Heart disease continues to be the leading cause of death in the U.S. In this podcast, Dr. Derrick Gervin discusses ways to keep our hearts healthy. Created: 2/5/2015 by MMWR.
Date Released: 2/5/2015. Series Name: A Cup of Health with CDC.
A CUP OF HEALTH WITH CDC
Have a Healthy Heart
American Heart Month — February 2015
Recorded: February 3, 2015; posted: February 5, 2015
[Announcer] This program is presented by the Centers for Disease Control and Prevention.
[Dr. Gaynes] Welcome to A Cup of Health with CDC, a weekly feature of the MMWR, the Morbidity and Mortality Weekly Report. I’m your host, Dr. Robert Gaynes.
Heart disease continues to be the leading cause of death in the U.S.
Dr. Derrick Gervin is a researcher with CDC’s Division for Heart Disease and Stroke Prevention. He’s joining us today to discuss ways to keep our heart healthy. Welcome to the show, Derrick.
[Dr. Gervin] Thank you, Bob.
[Dr. Gaynes] Derrick, let’s start with, what conditions are considered to be diseases of the heart?
[Dr. Gervin] Heart disease refers to several conditions that can affect your heart, ranging from heart rhythm problems to heart defects that are present at birth. The most common condition involves narrowing, or blockage, of the arteries that supply blood to the heart. When this process occurs, it can lead to heart attacks or even heart failure.
[Dr. Gaynes] Is heart disease more common among any particular age, sex, or ethnic group?
[Dr. Gervin] Heart disease is the leading cause of death nationwide. Although it affects men, women, and adults of all races, there are chronic conditions and lifestyle factors that put people at a higher risk. This includes hypertension, high cholesterol, obesity, poor diet, smoking, and physical inactivity. Age is also a risk factor, as is family history, race, and ethnicity. African-American men, and adults living in the southeast are at the highest risk for developing heart disease. More than 40 percent of African-Americans have high blood pressure and less than half have it under control. And Bob, some of the factors contributing to these health disparities include discrimination, cultural barriers, and lack of access to healthy foods and affordable health care.
[Dr. Gaynes] Derrick, what are the common symptoms of heart disease?
[Dr. Gervin] Heart disease doesn’t always have symptoms, and, in some cases, it varies based on the condition or person. But the most common symptoms include pain or discomfort in the chest which is sometimes mistaken for indigestion or heartburn, as well as pain or discomfort in the jaw, neck, back, arms, or even shoulders. There can also be shortness of breath, irregular heart beat or palpitations, nausea, and feeling weak, dizzy, or light headed.

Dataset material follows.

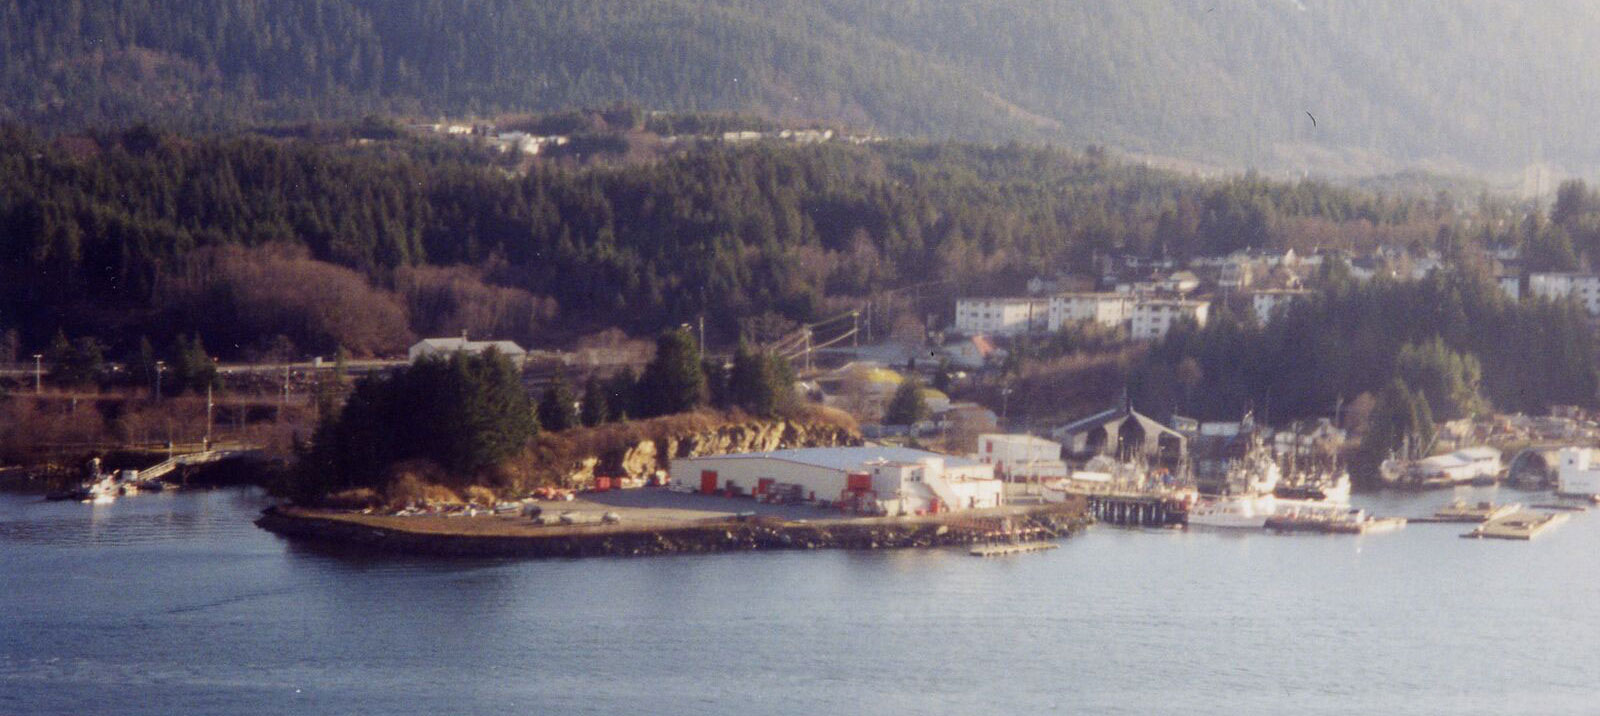 Aerial view of Seal Cove Cannery buildings with water in the foreground and wooded hills in the background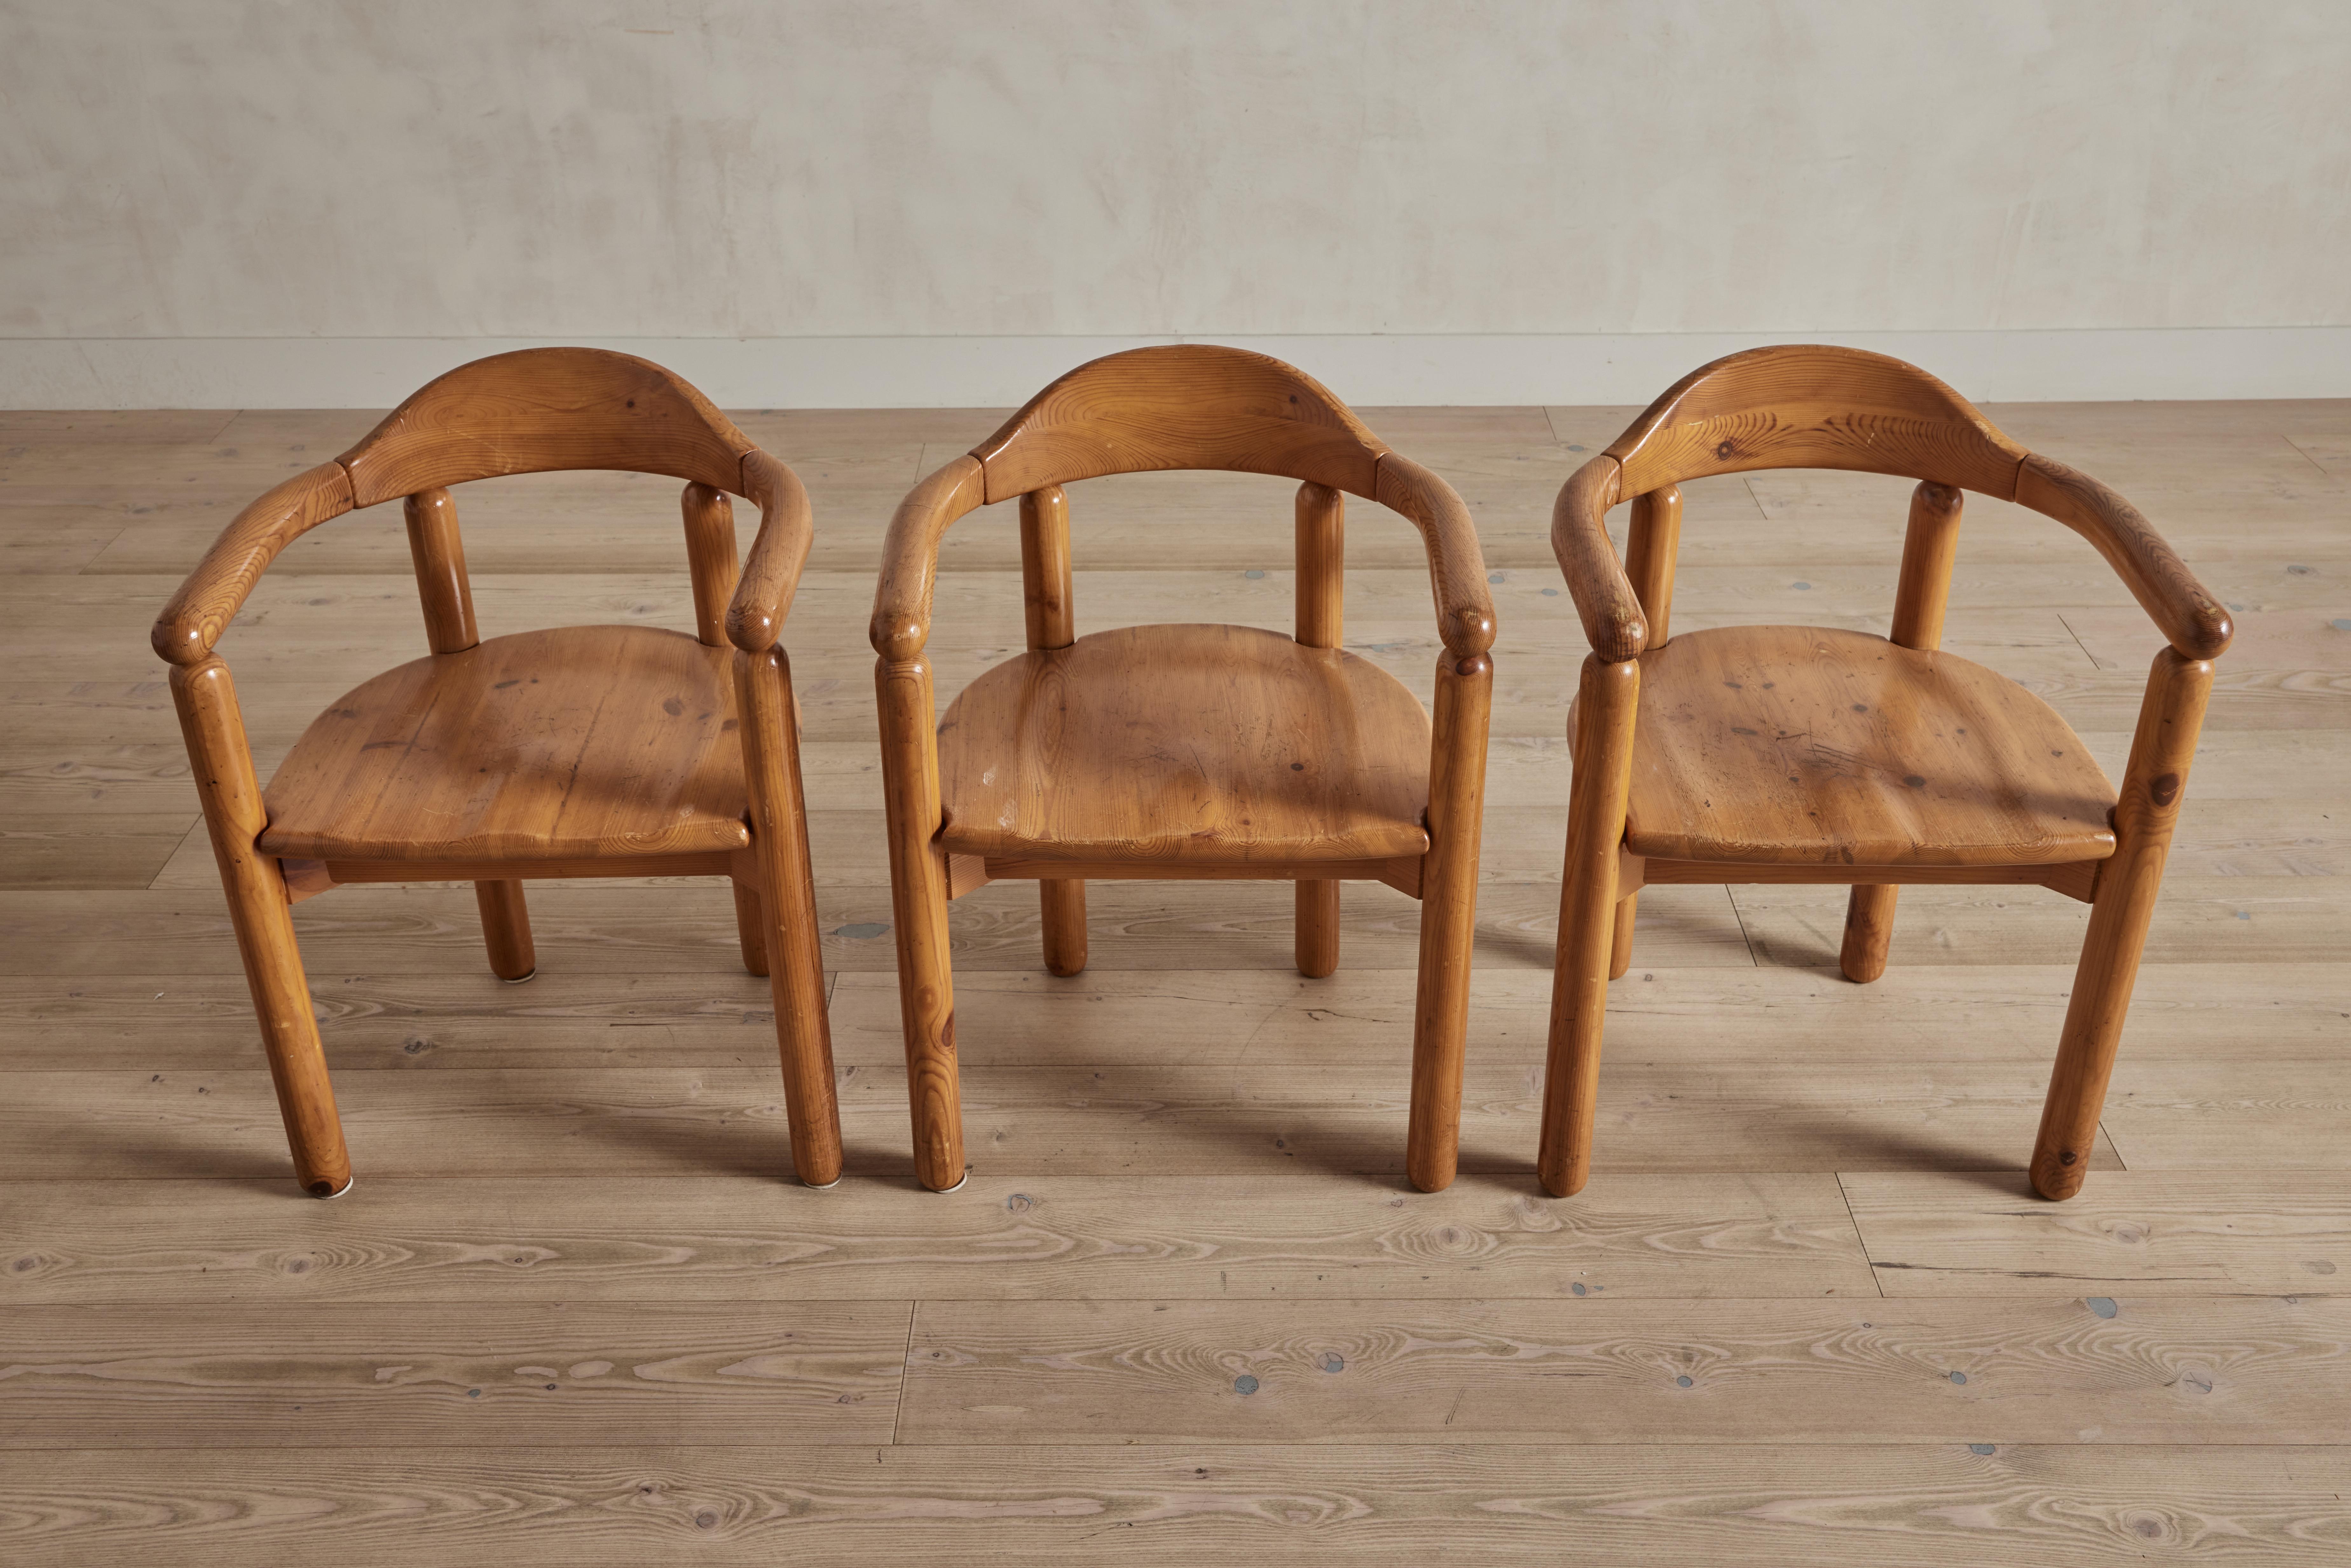 Set of 6 Rainer Daumiller pine wood dining chairs with armrests. Made in Denmark circa 1970. Some visible wear on wood that is consistent with age and use.

[Dr. Gaynes] What are some ways we can decrease our chances of developing heart problems?
[Dr. Gervin] There are several things people can do and it starts with making healthy choices and managing medical conditions. For example, eat meals that are rich in fruits and vegetables and low in saturated fats, cholesterol, added sugar, and sodium. If you smoke, stop. If you don’t smoke, don’t start. Regular exercise is also important. Try walking for 10 minutes three times a day, five days a week. Also, know your blood pressure and have it checked regularly. Finally, if you have a medical condition, take your medicine and follow the doctor’s instructions.
[Dr. Gaynes] How often should we have our heart checked out by a health care provider?
[Dr. Gervin] Get a check-up at least once each year. Even if you feel healthy, a doctor, nurse, or other health care professional can check for conditions that put you at risk for heart disease, such as high blood pressure and diabetes because these conditions can go unnoticed for a long time. And if you’re experiencing symptoms that you think may be related to heart disease, you should see a health care provider as soon as possible.
[Dr. Gaynes] Derrick, where can listeners get more information about preventing heart disease?
[Dr. Gaynes] Thanks, Derrick. I’ve been talking today with CDC’s Dr. Derrick Gervin about preventing heart disease.
Help decrease your chance of developing heart disease. Get regular physical activity, eat a healthy diet, and control your blood pressure and cholesterol. Also, regular check-ups are important for early detection of any problems. If you’re experiencing symptoms of heart disease, see a health care provider immediately.